Telah dilaporkan bahwa biodiesel mempunyai keuntungan menghasilkan CO
2
lebih rendah daripada bahan bakar solar, demikian juga biodiesel lebih ramah lingkungan daripada solar. Karena itu bahan ini menjadi solusi energi alternatif
untuk Green Material. Gerpen,2005
Sebagai bahan alternatif energi telah dicoba menghasilkan metil ester disebut FAME dalam penggunaannya disebut biodiesel. Bahan bakar ini ramah
lingkungan, tidak mempunyai efek terhadap kesehatan yang dapat dipakai orang sebagai bahan bakar kendaraan bermotor dapat menurunkan emisi bila
dibandingkan dengan minyak diesel Hambali, 2007. Biodiesel terbuat dari minyak nabati seperti minyak sawit, minyak kelapa, minyak biji jarak pagar,
minyak kemiri, yang potensial untuk menghasilkan bahan bakar minyak Nurcholis,2007. Dari beberapa bahan baku tersebut di Indonesia yang punya
prospek untuk diolah menjadi biodiesel adalah jarak pagar dan kelapa sawit. Penggunaan secara langsung minyak nabati kurang baik pada mesin, karena
minyak nabati memiliki berat molekul yang besar, jauh lebih besar dari biodiesel metil ester, sehingga menghasilkan senyawa yang dapat menghasilkan
kerusakan pada mesin, karena membentuk deposit pada injektor, disamping itu memiliki viskositas yang tinggi sehingga pompa penginjeksi bahan bakar di dalam
mesin diesel tak mampu menghasilkan pengkabutan atomization yang baik
ketika minyak nabati disemprotkan kedalam kamar pembakaran sehingga hasil dari injeksi tidak berwujud kabut yang mudah menguap melainkan tetesan bahan
bakar yang sulit terbakar. Beberapa saran diusulkan untuk mengganti mesin– mesin kendaraan bermotor komersial jika akan menggunakan minyak nabati
Universitas Sumatera Utara
secara langsung pengganti bahan bakar solar. Cara lain dapat dibuat dengan mengubah karakteristik minyak nabati sehingga sedapat mungkin menyerupai
solar yaitu menjadikan metil ester asam lemak Suradjaja, 2005. Proses konversi minyak nabati kedalam bentuk metil ester asam lemak
FAME = Fatty Acid Methyl Ester pada umumnya dilakukan dengan esterifikasi maupun transesterifikasi. Transesterifikasi minyak nabati dengan campuran
metanol dikatalisis oleh NaOH dan KOH menghasilkan FAME dan gliserol Marchetti, 2007. Proses transesterifikasi menggunakan katalis asam dengan
kosolven dimetil eter telah juga dilaporkan Guan, dkk, 2009. Katalis CaO dipakai pada transesterifikasi minyak nabati telah dilaporkan Liu, 2005 dan
Bangun, 2009. Penggunaan kosolven dietil eter-metanol untuk reaksi transesterifikasi minyak jarak Ricinus Castor Oil dikatalisis oleh MgO dan CaO
pada 65°C, hasil optimum didapat dengan perbandingan minyak : methanol adalah 1:12. Penggunaan CaO sebagai katalis basa mempunyai banyak
keuntungan, seperi tingginya aktifitas, kondisi reaksi yang ringan, masa hidup katalis yang panjang dan biaya katalis yang rendah Bangun, 2009.

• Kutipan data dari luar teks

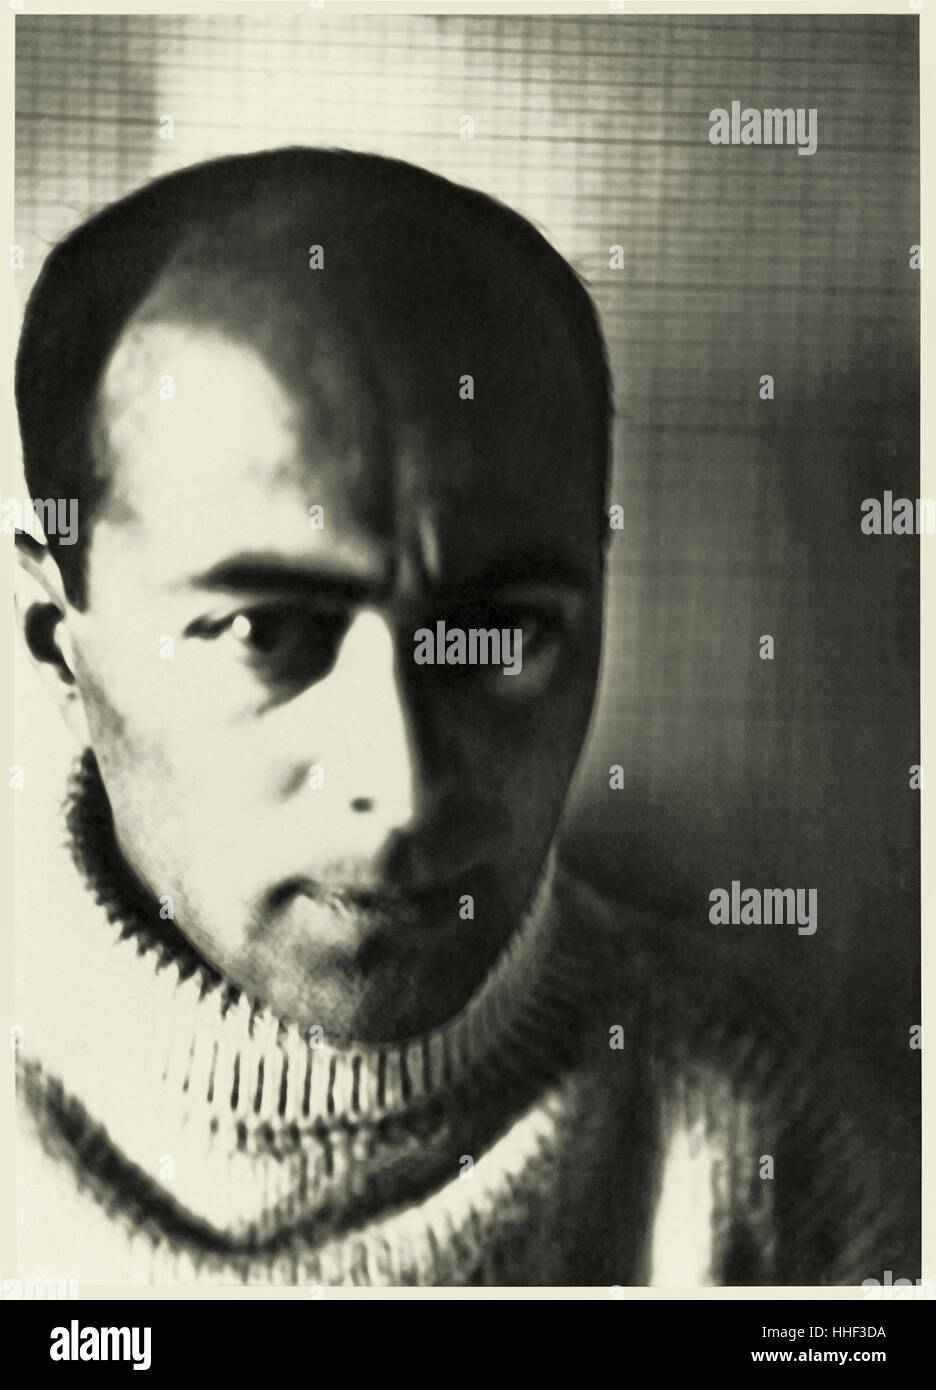 El Lissitzky (1890-1941) Russian architect, artist and photographer, self portrait ‘Selbstbildnis’ 1924 gelatin silver print. Stock Photo

Beberapa faktor terkait dengan reaksi adalah lama reaksi, selain dari jenis pelarut, katalis, suhu reaksi maupun konsentrasi. Konsentrasi reaksi pada transesterifikasi
ini perlu dipelajari dangan memvariasi konsentrasi katalis asam sulfonat polistrena untuk mendapat gambaran konversi minyak menjadi metil ester.